Я схватил ее за плечи и заставил посмотреть мне в глаза.
— Я чист, Бреда. Поверь мне.
Она отвернулась.
— Сделай это ради меня, — сказала она тихо-тихо. — Если ты правда меня любишь.
В конце концов, я сделал это. Я посмотрел на ее рыдания, на прилипшую к ее телу пленку и сделал это. Она помогла мне облачиться в «штуку», проделала две дырочки для ноздрей, застегнула пластиковую молнию на спине. Мне показалось, что я надел гидрокостюм. И все остальное — томление, нежность и сладкий плен — было таким, как я надеялся.
Почти.
На следующий день она позвонила мне с работы. Я прикидывал данные по продажам и думал про нее. «Привет», — проворковал я в трубку.
— Ты просто должен это услышать!
Судя по голосу, у нее кружилась голова от восторга.
— Ага, — сказал я, прерывая ее страстным шепотом. — Прошлая ночь… Это было нечто!
— Ах, да. Да, прошлая ночь. Да, особенное. И я люблю тебя, правда…
Она остановилась перевести дыхание.
— Но ты вот что послушай! Мне только что прислали текст от одного человека и его жены, они живут среди туарегов Нигерии — это такие люди, которые идут за своими стадами и подбирают за ними навоз, чтобы разжигать костры, представляешь?
Я издал неопределенное урчание.
— Ну вот, и хижины свои они тоже делают из навоза, ну не дикость ли? И вот еще: как ты думаешь, что они едят, когда урожай не задается, а скотина еле стоит на ногах?
— Дай угадаю… Навоз?
— Да! Да! — взвизгнула она. — Нет, ну это же уж слишком? Они едят навоз!
У меня был припасен для нее сюрприз, болезнь, о которой мне рассказал знакомый врач.
— Онхоцеркоз, — сказал я. — Слыхала про такой?
— Расскажи! — голос ее заметно дрожал.
— В Южной Америке и в Африке. Тебя кусает муха и откладывает яйца тебе в кровь, а когда приходит время, личинки — такие маленькие белые червячки — лезут в твои глаза, прямо под сетчатку, так что ты видишь, как они там дергаются.

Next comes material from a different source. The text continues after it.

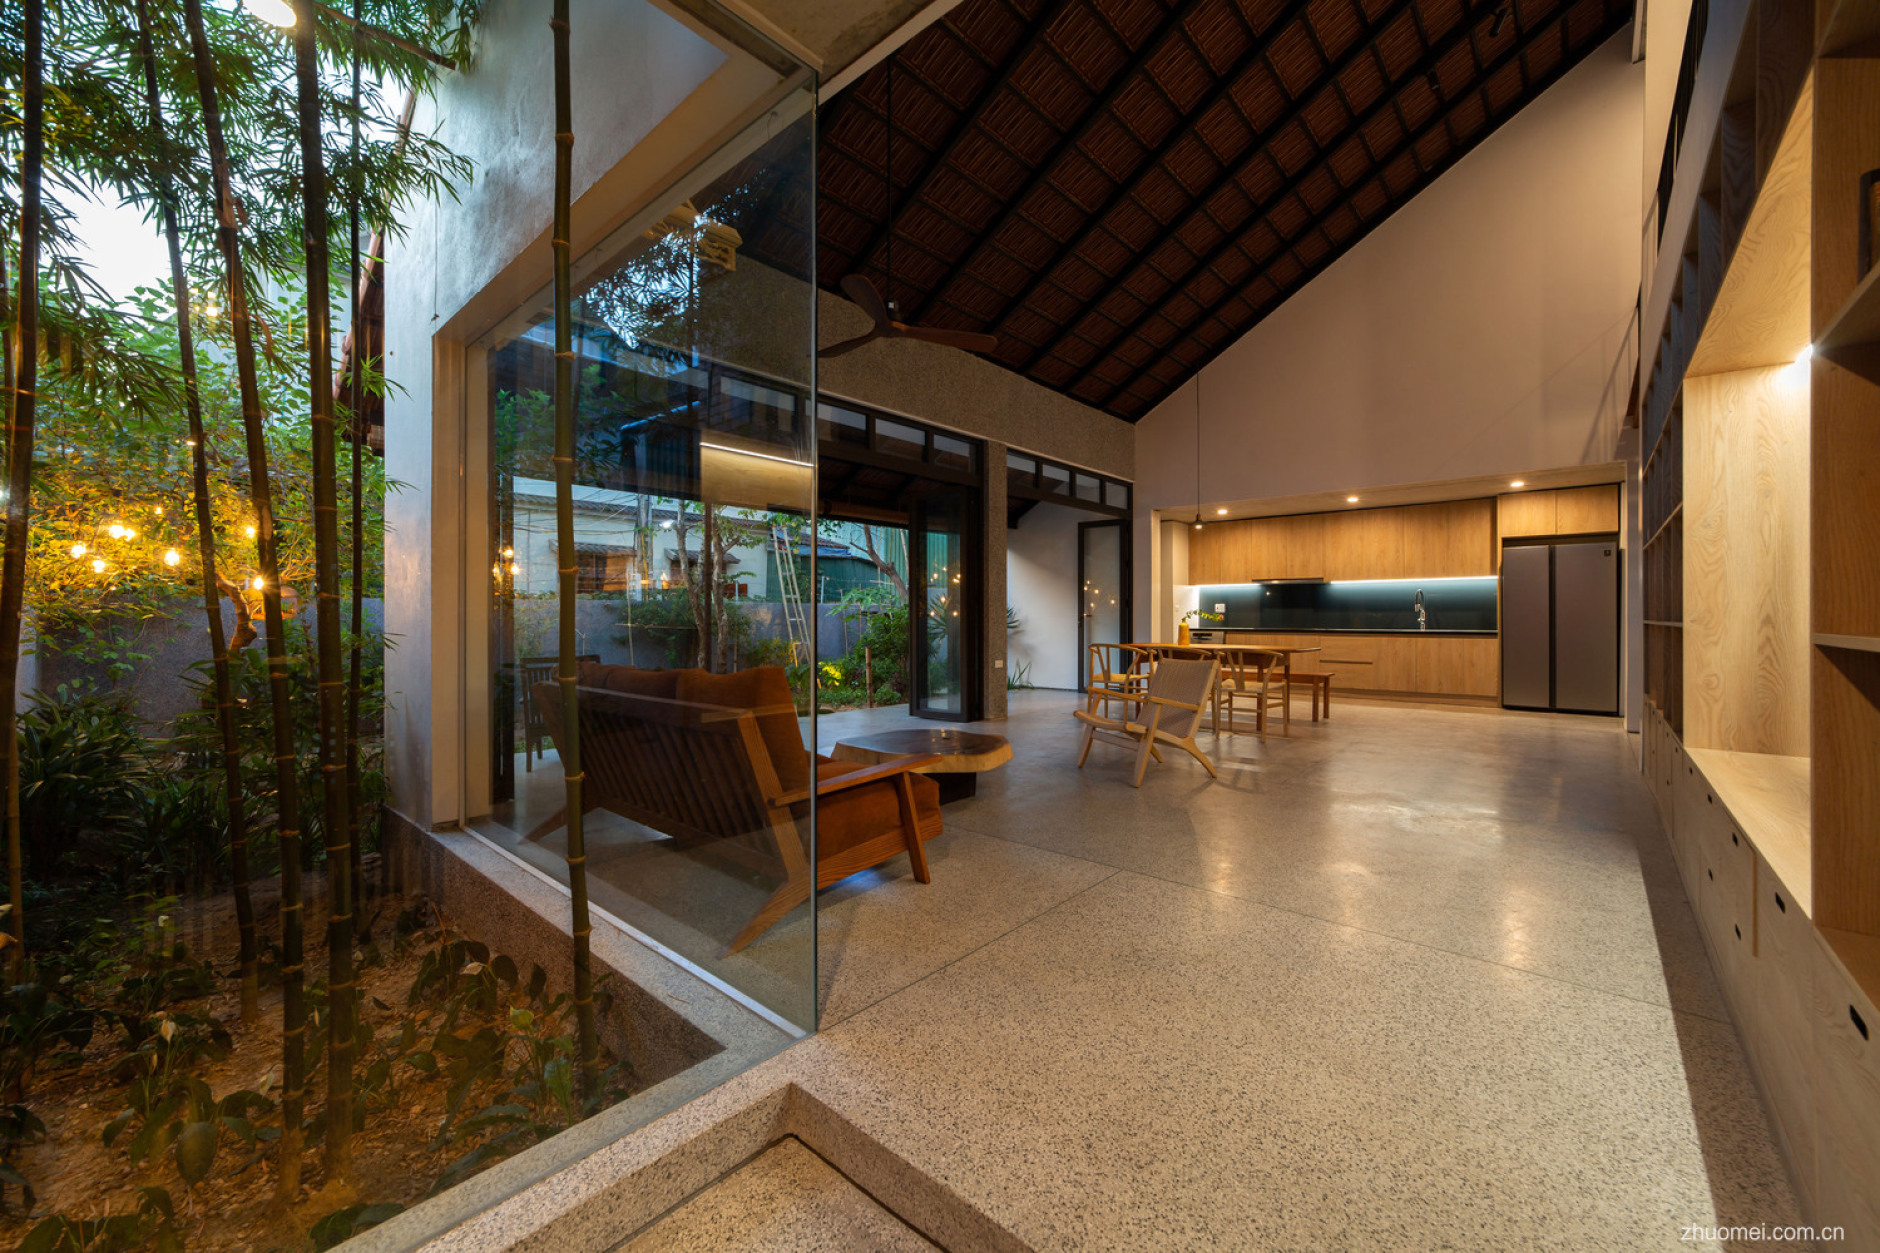 Dom Architect Studio丨The Tiamo House丨越南-56

На другом конце линии повисла тишина.
— Бреда?
— Это ужасно. Это просто ужасно.
Я растерялся.
— Но я подумал… Прости.
— Послушай, — к ней снова вернулось самообладание. — Вообще-то я звоню, потому что люблю тебя. Кажется, я люблю тебя и поэтому я хочу, чтобы ты кое к кому сходил.
— Да не вопрос.
— Я хочу, чтобы ты сходил к Майклу. Майклу Мэлони.
— Не вопрос. А кто это?
Она поколебалась мгновение, будто понимала, что заходит слишком далеко.
— Мой врач.
Над любовью надо работать. Надо покоряться, надо делать маленькие поправки, уступки, даже жертвы; любовь без жертвы — это ничто. Я пошел к доктору Мэлони. А почему нет? Я ел тофу, болтал о лепре и шистосомозе, словно у меня от этой дряни иммунитет, и занимался любовью в мешке. Если Бреде так лучше, если это хоть как-то облегчит снедающие ее страхи, то оно того стоит.
Доктор принимал в Скарсдейле, у себя дома — в псевдотюдоровском особняке, окруженном дубами, древними, как «крайслер» моего дедушки. Он был еще молод — под 40, наверно, — с рыжей бородкой и в огромных очках в прозрачной оправе. Он принял меня в тот же день, как я позвонил, и встретил у дверей лично.
Он оценивающе посмотрел на меня, бормоча «ага, ага» в бороду, и затем с помощью сестер, мисс Арчибальд и мисс Сливовиц, произвел надо мной кучу манипуляций, от которых обалдел бы и астронавт.
Сперва мне обмерили все — фаланги пальцев, череп, пенис и мочки ушей. Затем обследовали ректум, сняли энцефалограмму и взяли мочу на анализ. А потом были тесты. Стресс-тесты, тесты на аллергию, тесты рефлексов, тесты объема легких, рентген, подсчет сперматозоидов и опросник в 24 страницы убористого текста. Конечно, Мэлони взял на анализ и кровь — проверить, нет ли каких инфекций.